8月7日付の労働新聞は1面で「災害性気候に徹底的に対処していく」とした記事を、国家非常災害委員会の様子などとともに伝えた=同紙ホームページから

北朝鮮当局が台風や地震などによる被害を抑え込む指針を示した「国家防災戦略」は、2030年を目標に警報システムや避難所の整備をうたう。朝鮮中央テレビは昨夏の台風被害の際、24時間体制で台風の接近情報を伝えた。台風被害の復旧作業のため、正恩氏が平壌市民に対し、被災地に赴くよう異例の呼びかけを行った。

だが、この戦略にも、インフラ整備についての具体的な構想は盛り込まれていない。英語版には「グローバルな協力が必要だ」と明記したが、国際社会に応じる動きはない。バイデン米政権は、北朝鮮が具体的な非核化措置を取るまで、制裁の緩和には応じない方針を打ち出している。

■技術革新や気候変動を巡る安全保障に詳しい長島純・防衛大学校総合安全保障研究科非常勤講師(元空将)の話

北朝鮮は、気候変動の影響の重大さを見誤り、脆弱な社会インフラの建て直しを行わなかったつけを払わされているように見える。

現在、懸念される気候変動には、多くの気象要因が複雑に影響を及ぼし合い、その影響が予測を超えるスピードと激しさを持つようになる「非線形相互作用」という特徴がある。

その結果、大洪水や山火事が、年を追うごとに頻繁にその規模を増している現状に、世界は直面している。

金正恩氏は、核兵器や弾道ミサイル開発に国家資源を優先的に投入したため、自ら社会システムの脆弱性を招いているようだ。軍事分野でも、異常気象による浸水や高温化によって軍事基地や関連施設が使用できなくなる事態も想定される。今後は、今月に試射を行った鉄道利用ミサイル発射システムや車両型の移動式発射台(TEL)を多用する可動式ミサイル発射態勢への変換を図り、気候変動の影響を局限化しようとする試みも考えられる。

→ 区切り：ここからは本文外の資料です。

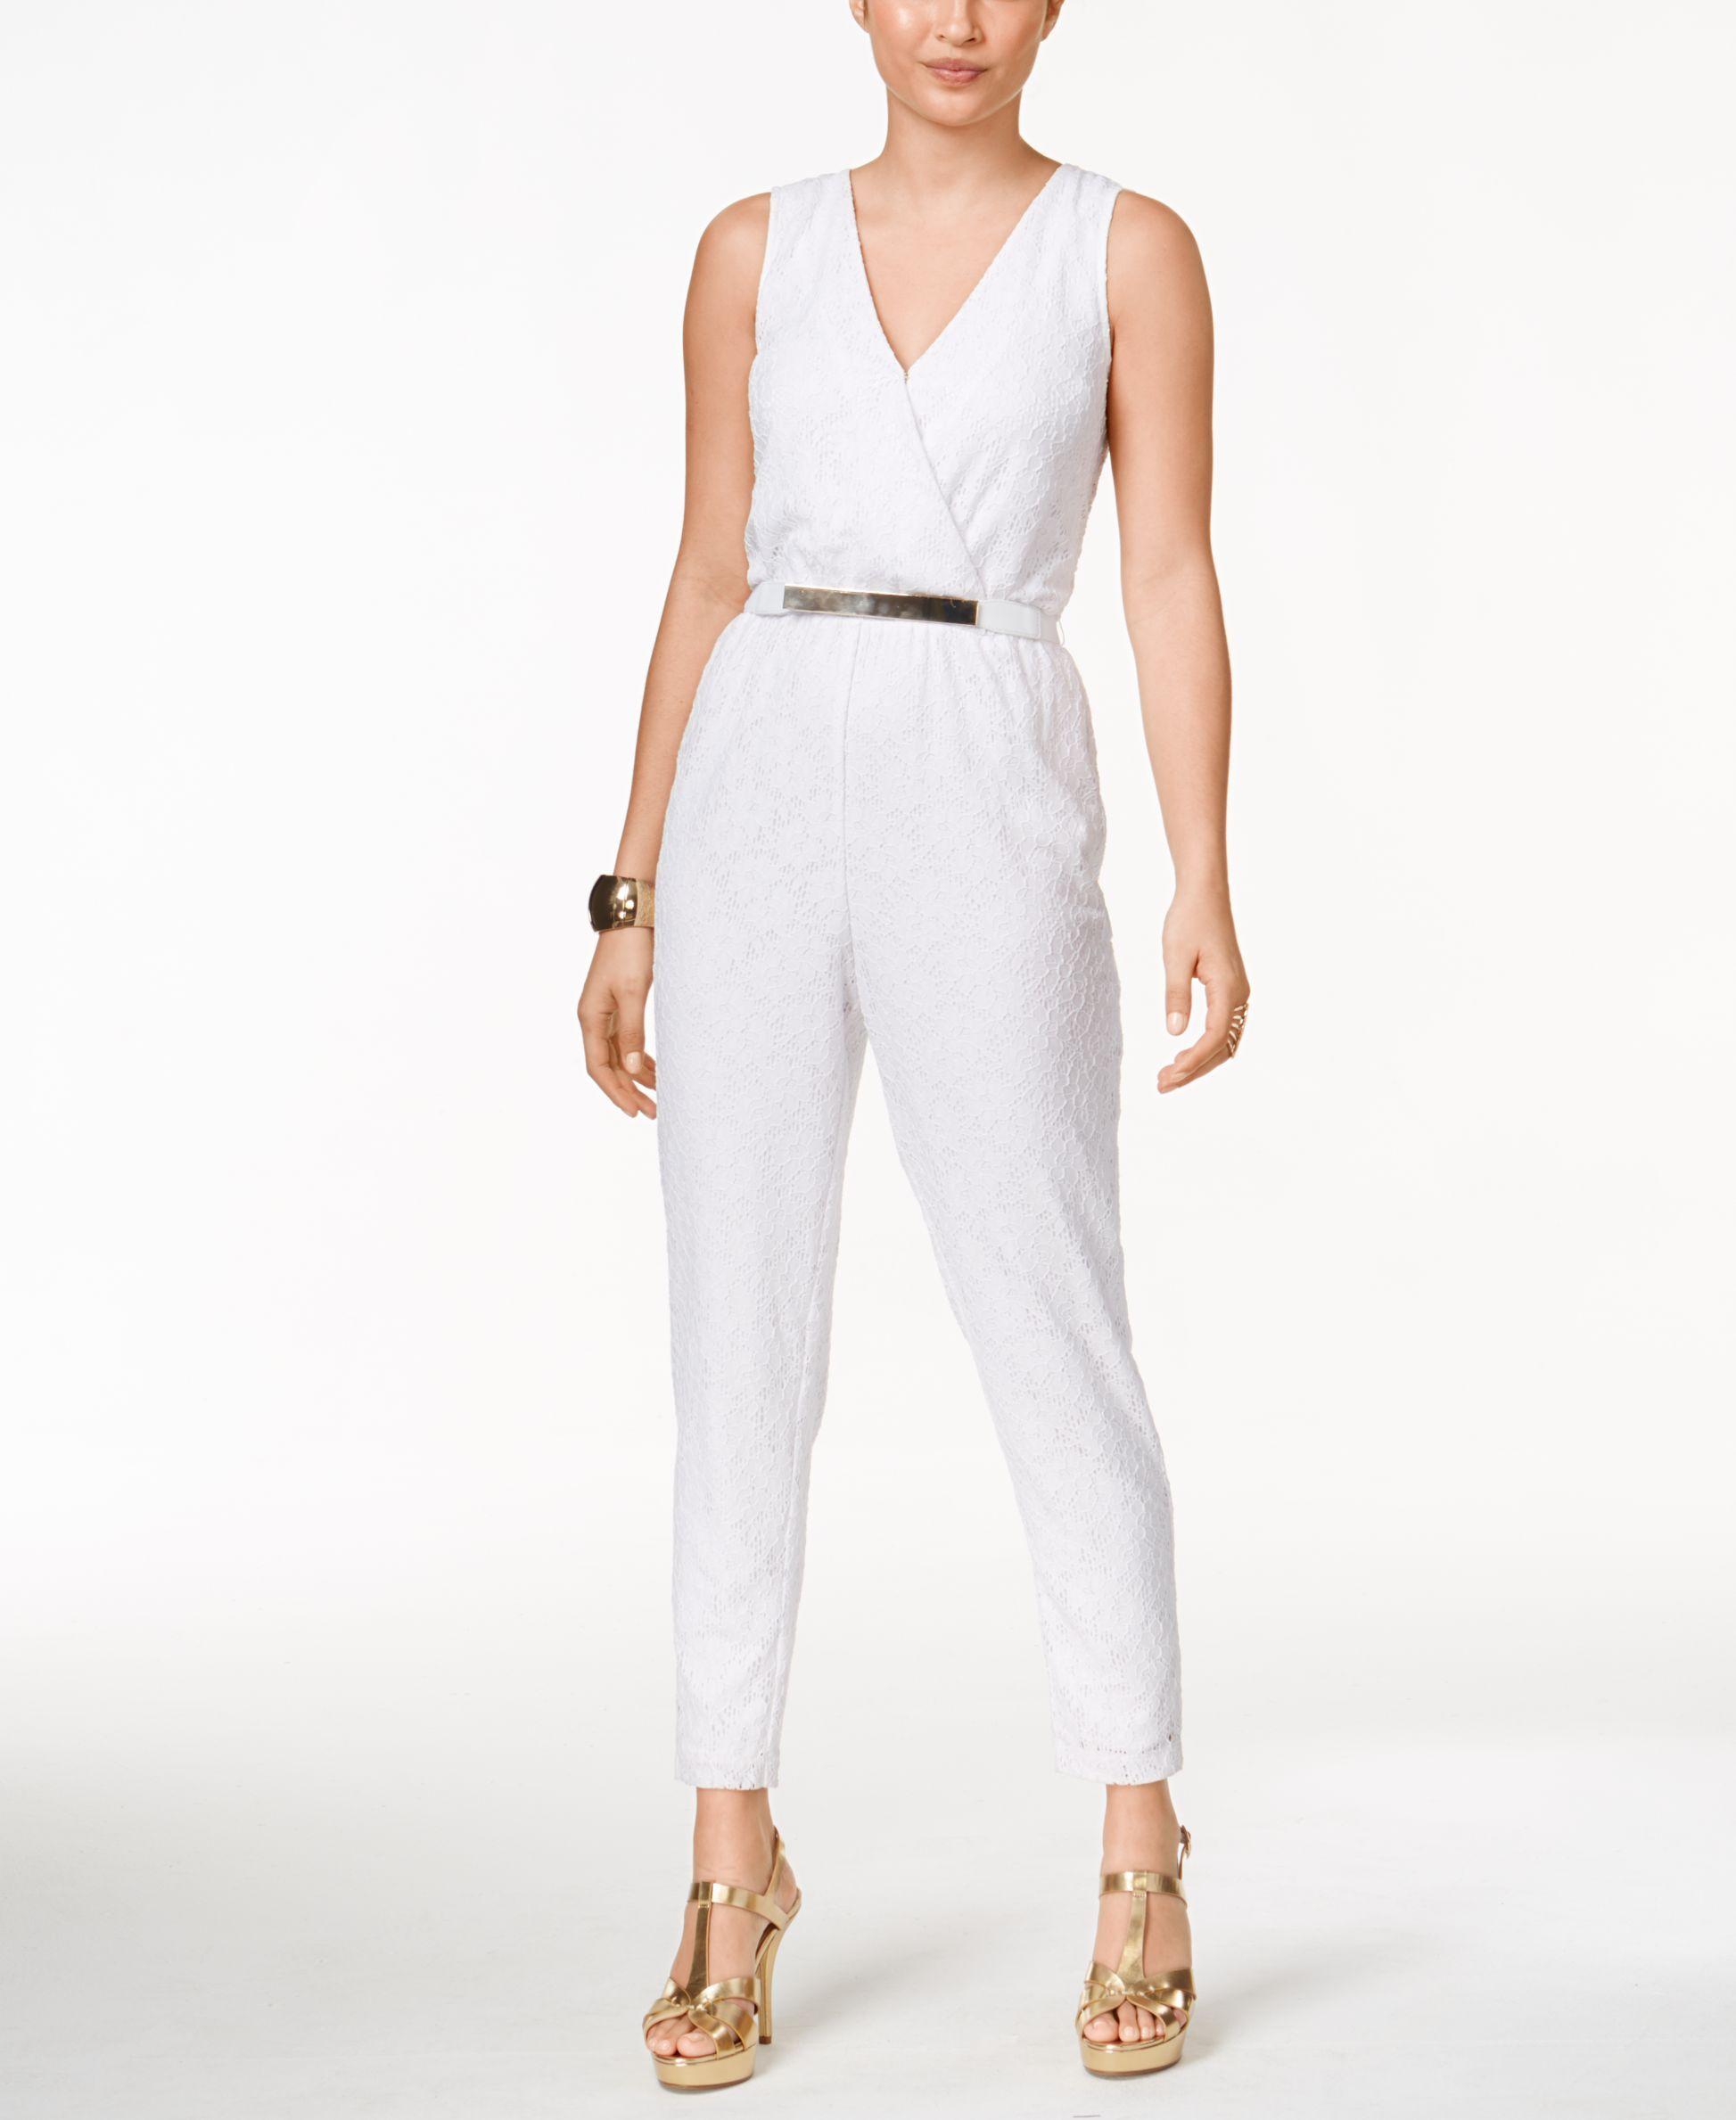 7b510f2660b Thalia Sodi Lace Belted Jumpsuit
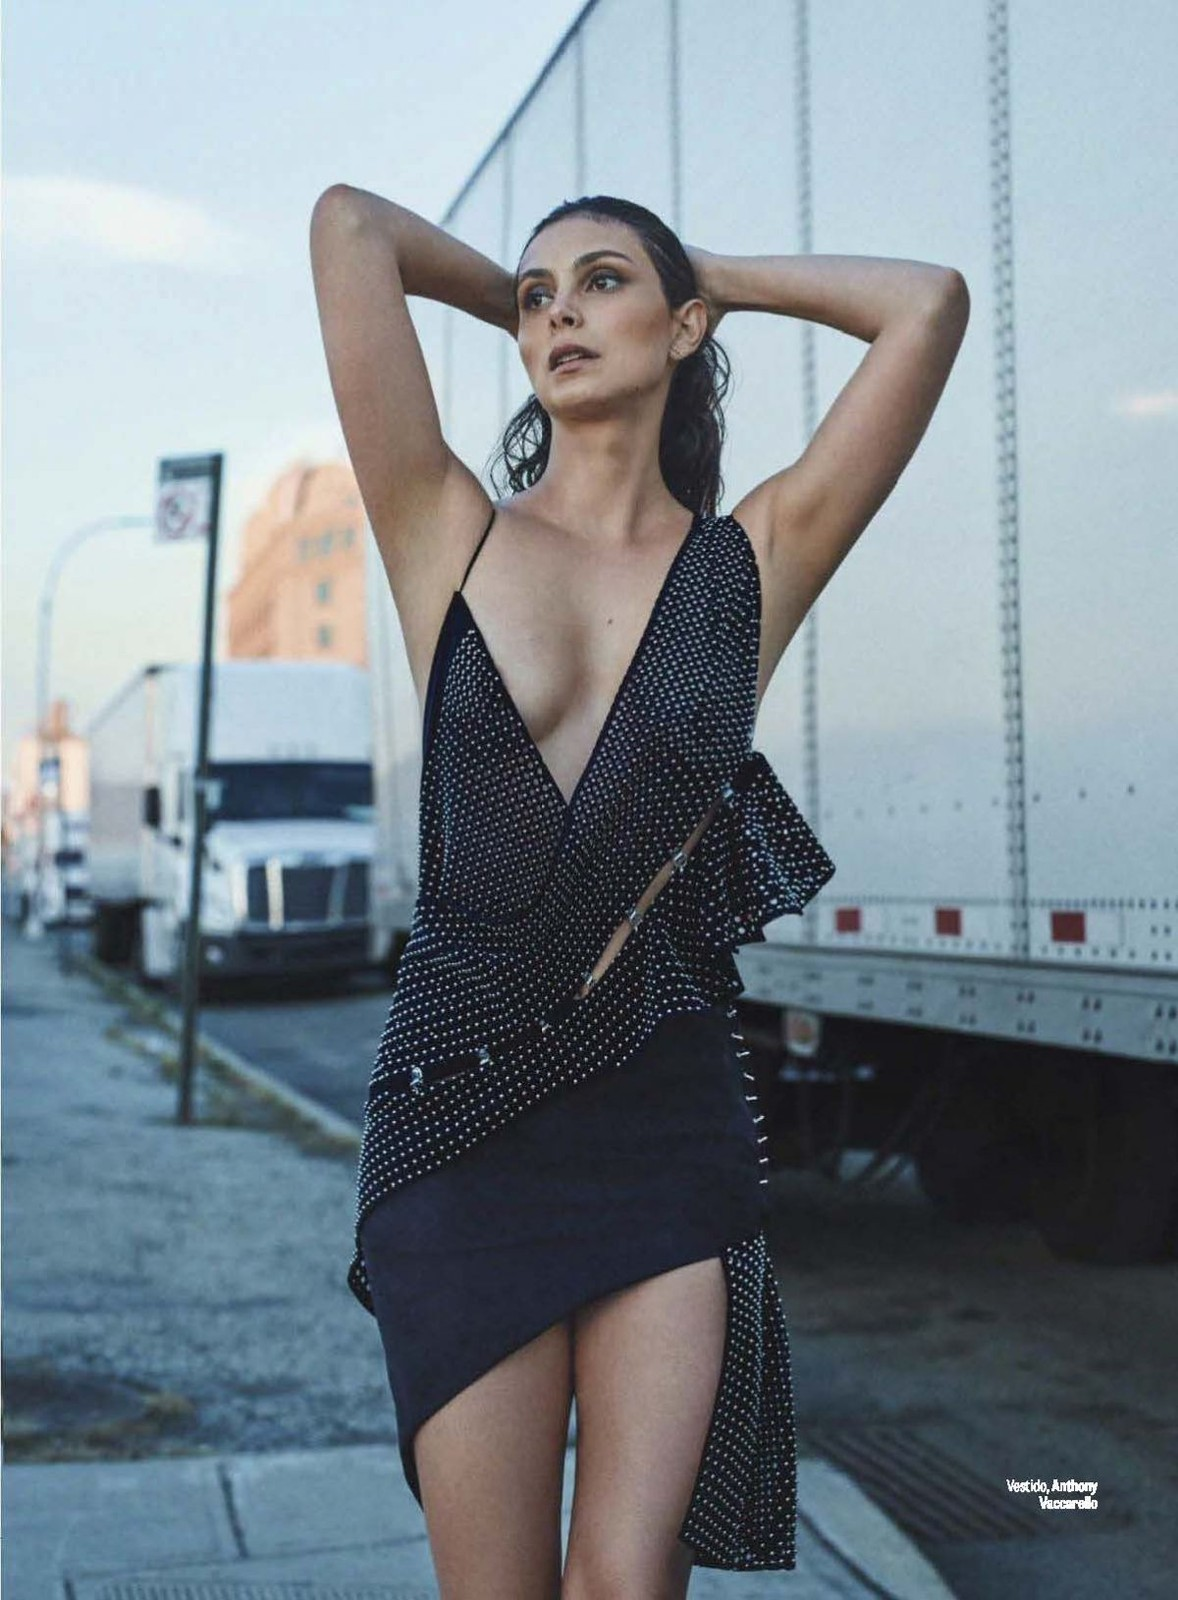 Fappening Hot Leah Francis naked photo 2017

将来的に、社会インフラの再整備には、多くの時間と費用がかかる。気候変動の影響が非可逆的に厳しくなってゆくなかで、正恩氏は、軍事力強化と国土強靱化を天秤にかけるという、難しい国家統治を迫られるのではないか。この北朝鮮の状態を放置すれば、北アフリカや中東の一部で見られる気候難民の流出や食糧不足に起因する国内情勢の不安定化が早晩起きると考えられる。東アジア地域の安全保障に影響が及ぶことも懸念される。気候変動の影響は、国や地域を選ばない。東アジア地域の安定という観点から、北朝鮮の気候変動に対する回復力(レジリエンス)を増やすよう支援するという考え方も必要になってくるだろう。